[TRY IT]
Without including any images, repeat the data exactly.

[[ COLLECTED DATA, beginning ]]

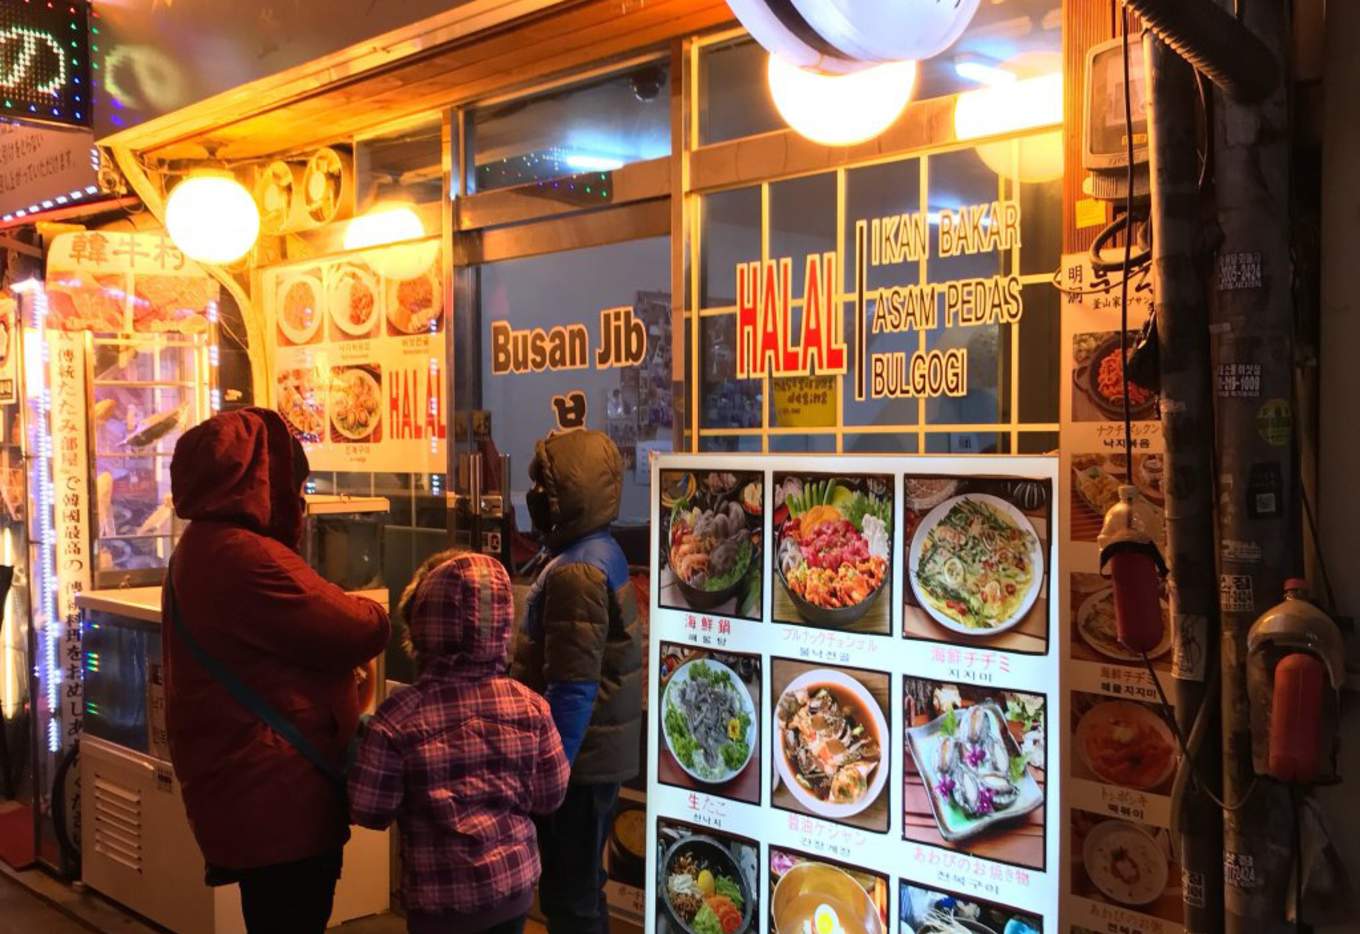 Can’t Find Halal Korean Food In Seoul? Here Are 10 Popular Muslim
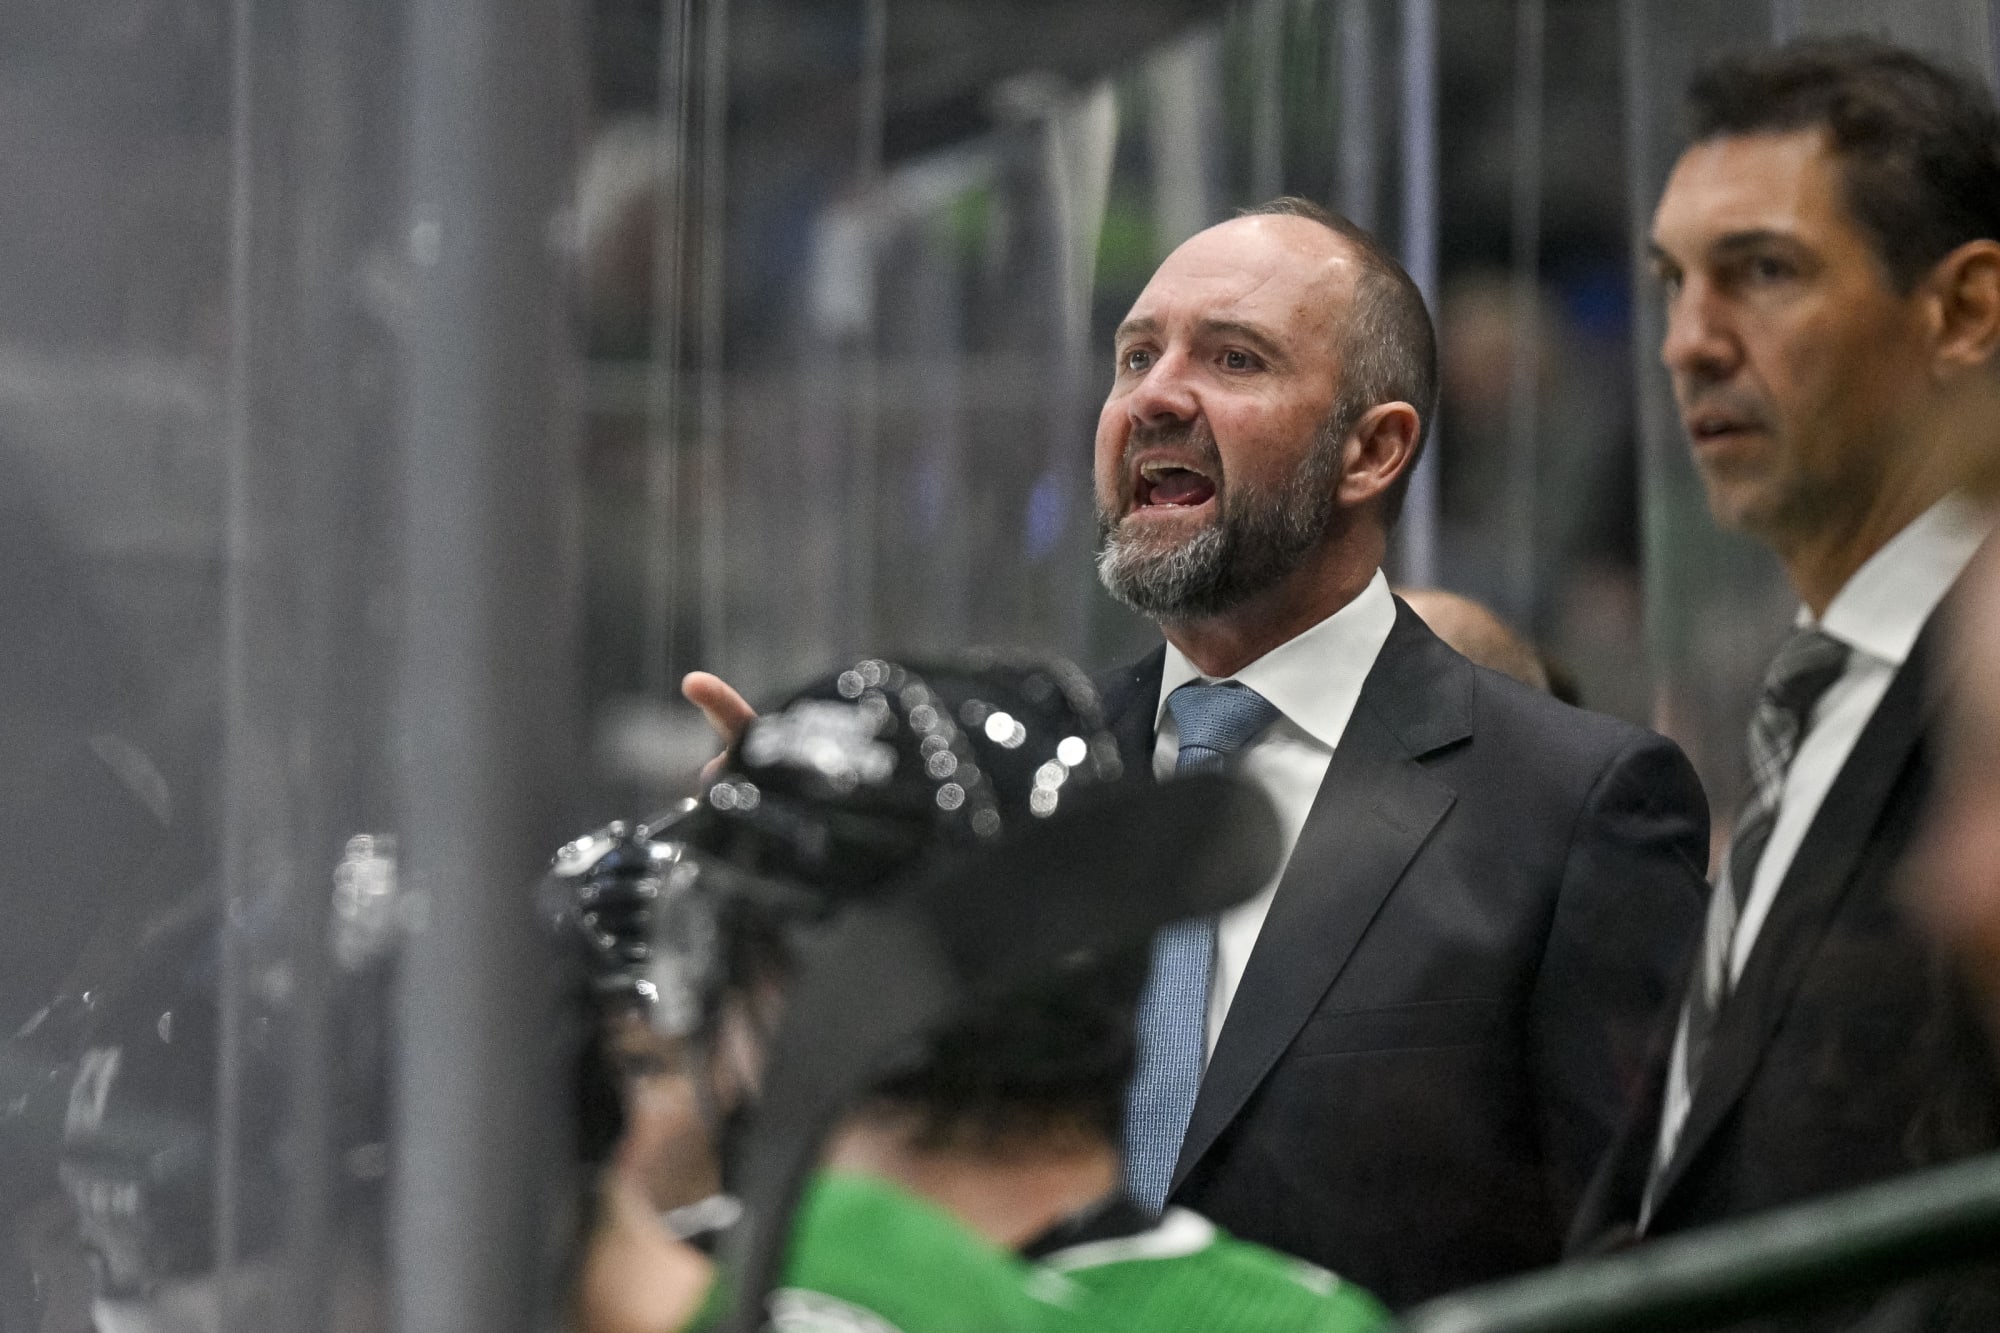 DeBoer’s style of play is not the reason for penalties
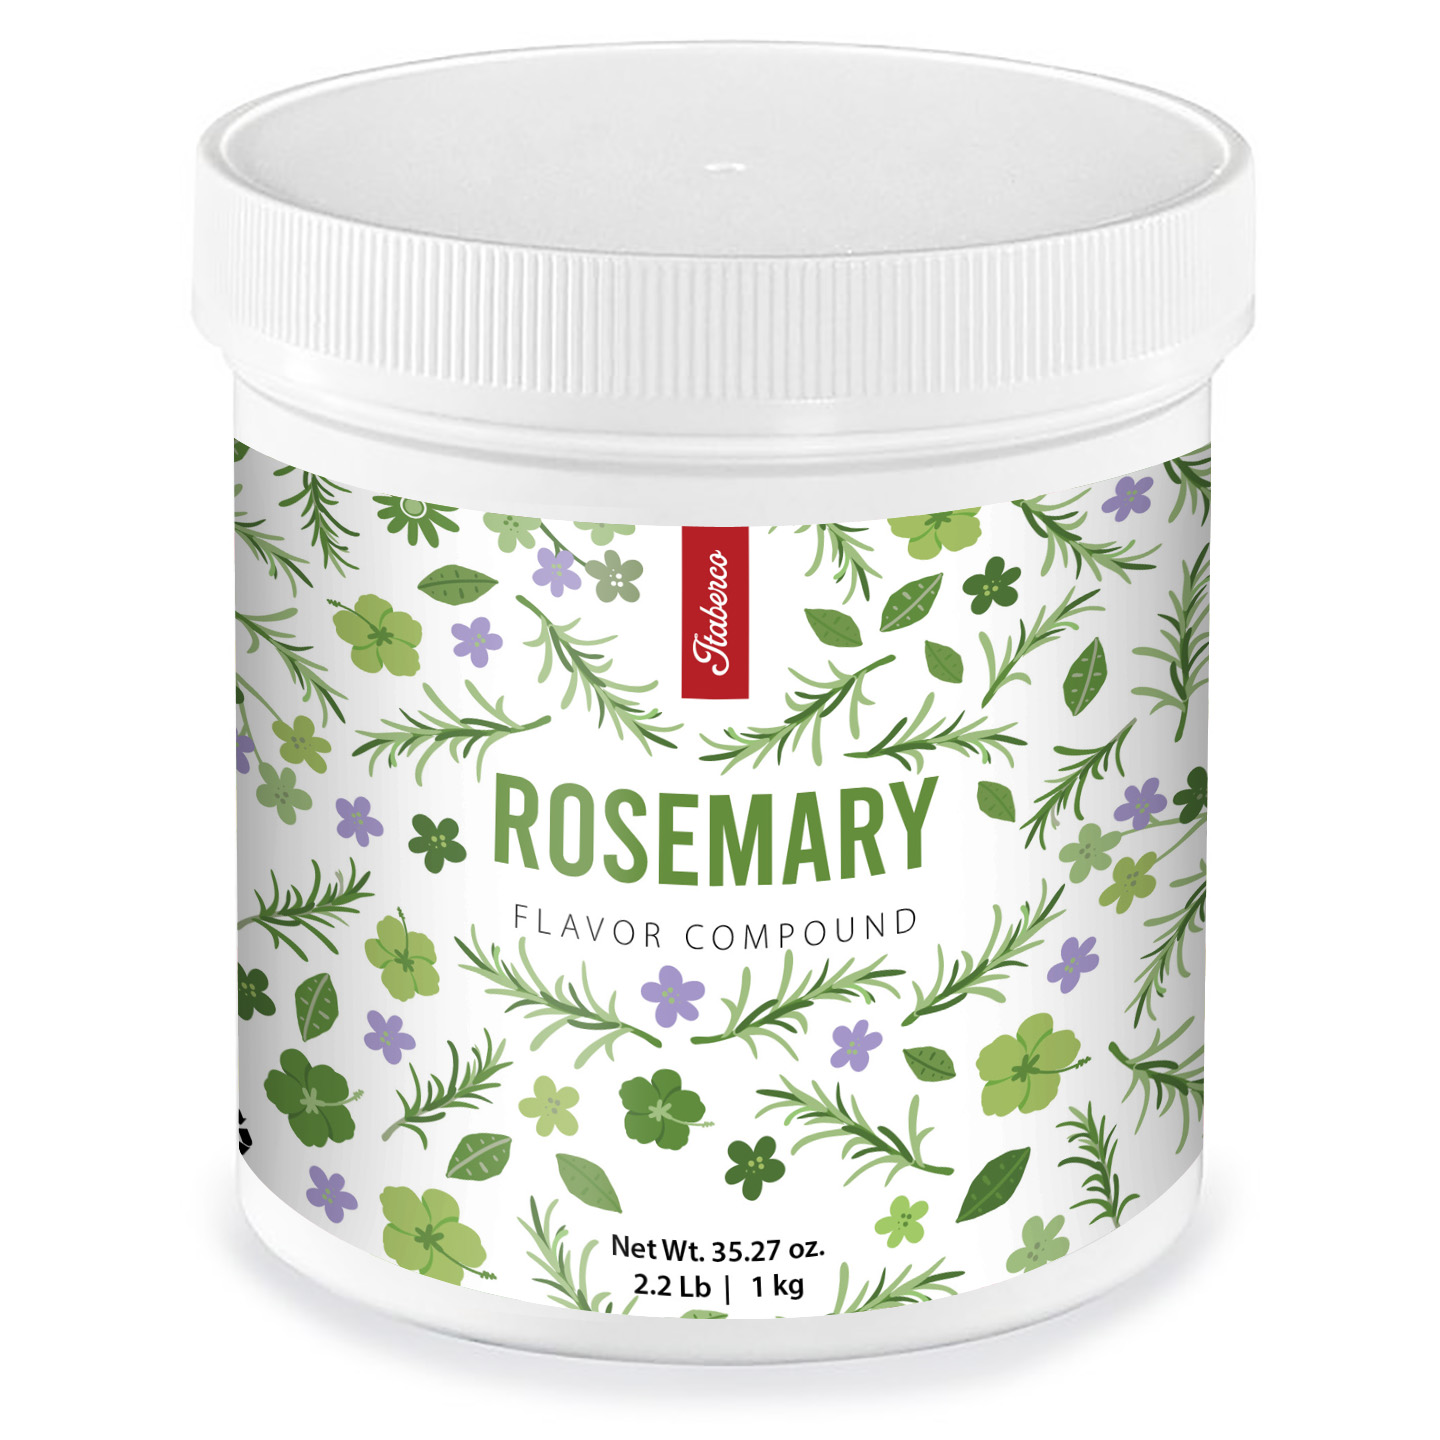 Rosemary Flavor Compound
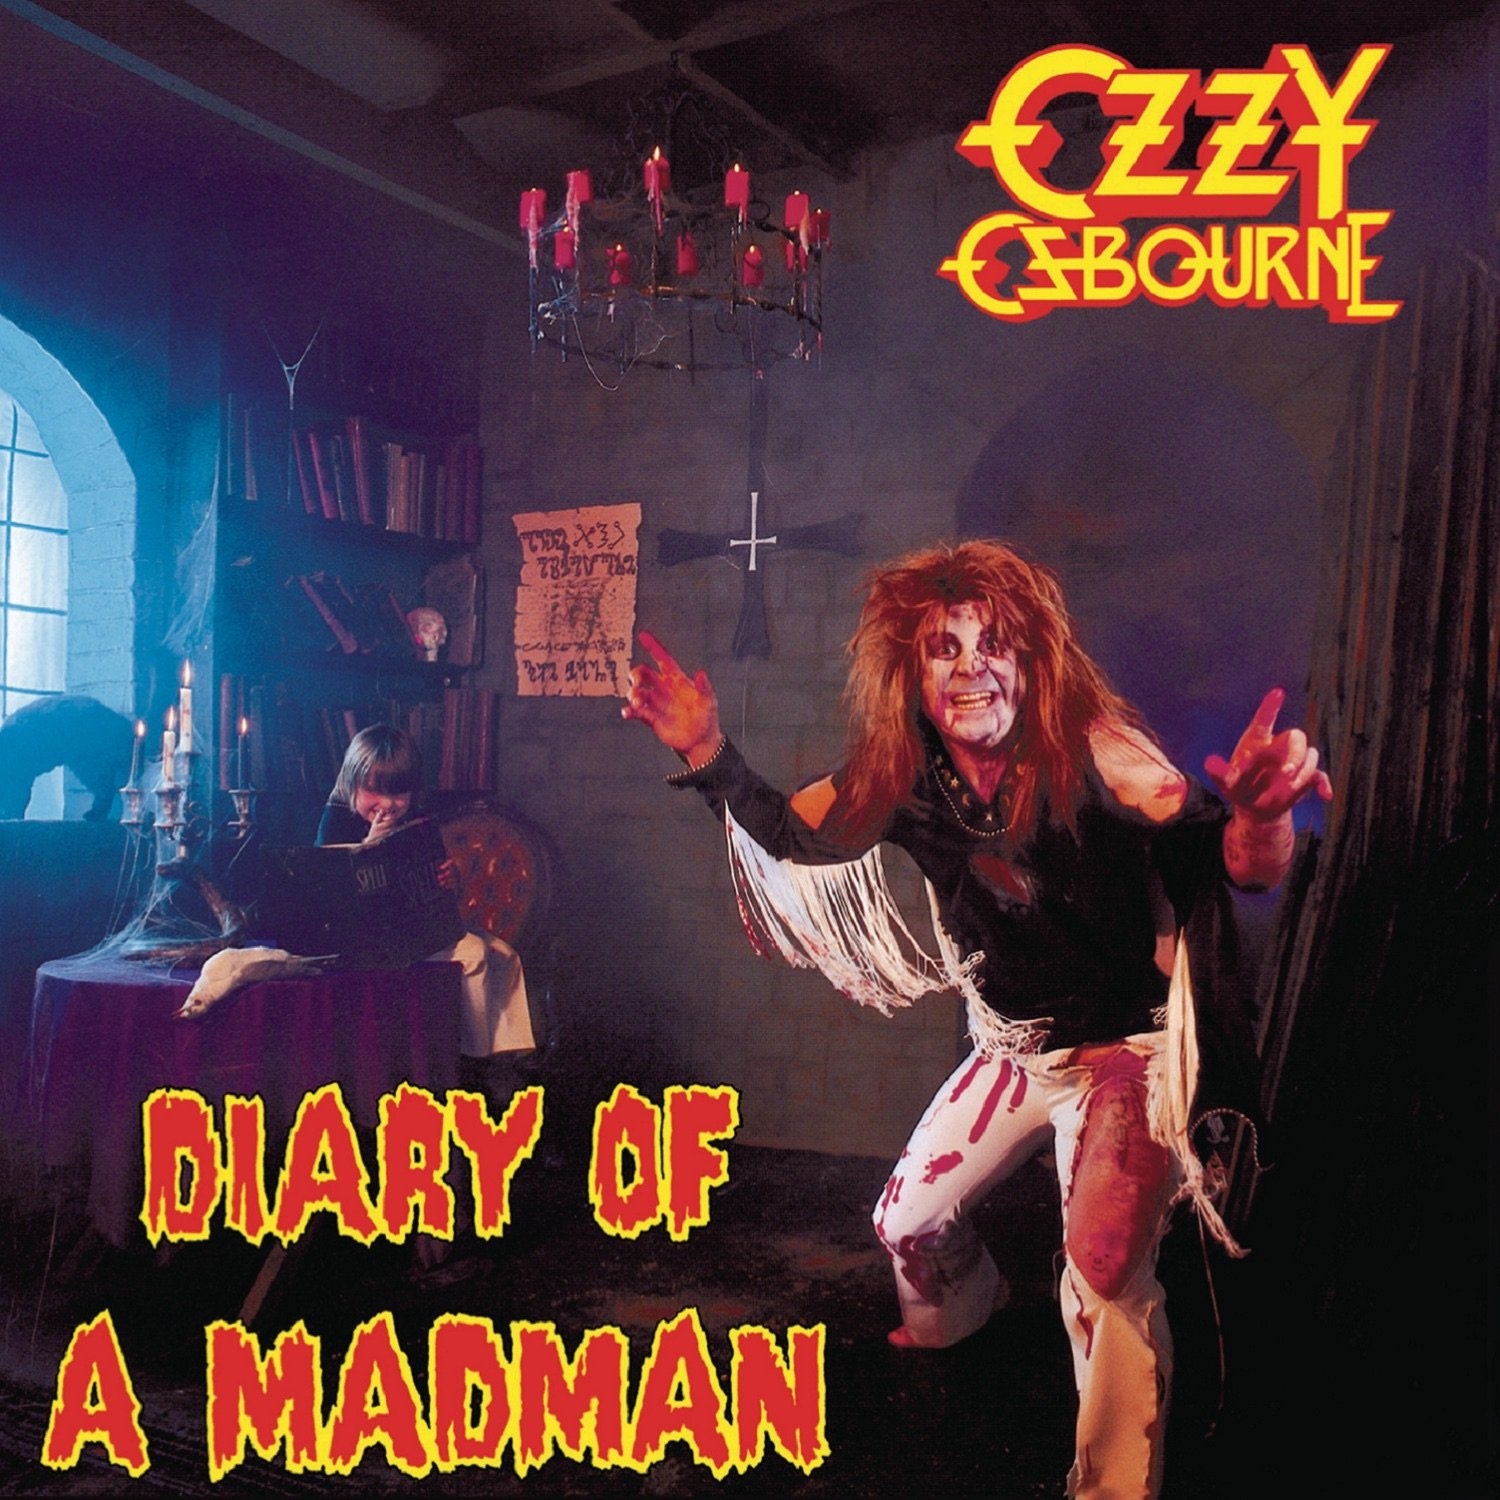 Металл Sony Osbourne, Ozzy - Diary of a Madman (40th anniversary) (Limited Marbled Vinyl) pearl diary chiffon blouse bow tie front ruffle neckline and sleeve summer drapey sheer blouse beach casual chiffon cover up

[[ COLLECTED DATA, end ]]

[FINISHED TASK]
 Can’t Find Halal Korean Food In Seoul? Here Are 10 Popular Muslim
 DeBoer’s style of play is not the reason for penalties
 Rosemary Flavor Compound
 Металл Sony Osbourne, Ozzy - Diary of a Madman (40th anniversary) (Limited Marbled Vinyl) pearl diary chiffon blouse bow tie front ruffle neckline and sleeve summer drapey sheer blouse beach casual chiffon cover up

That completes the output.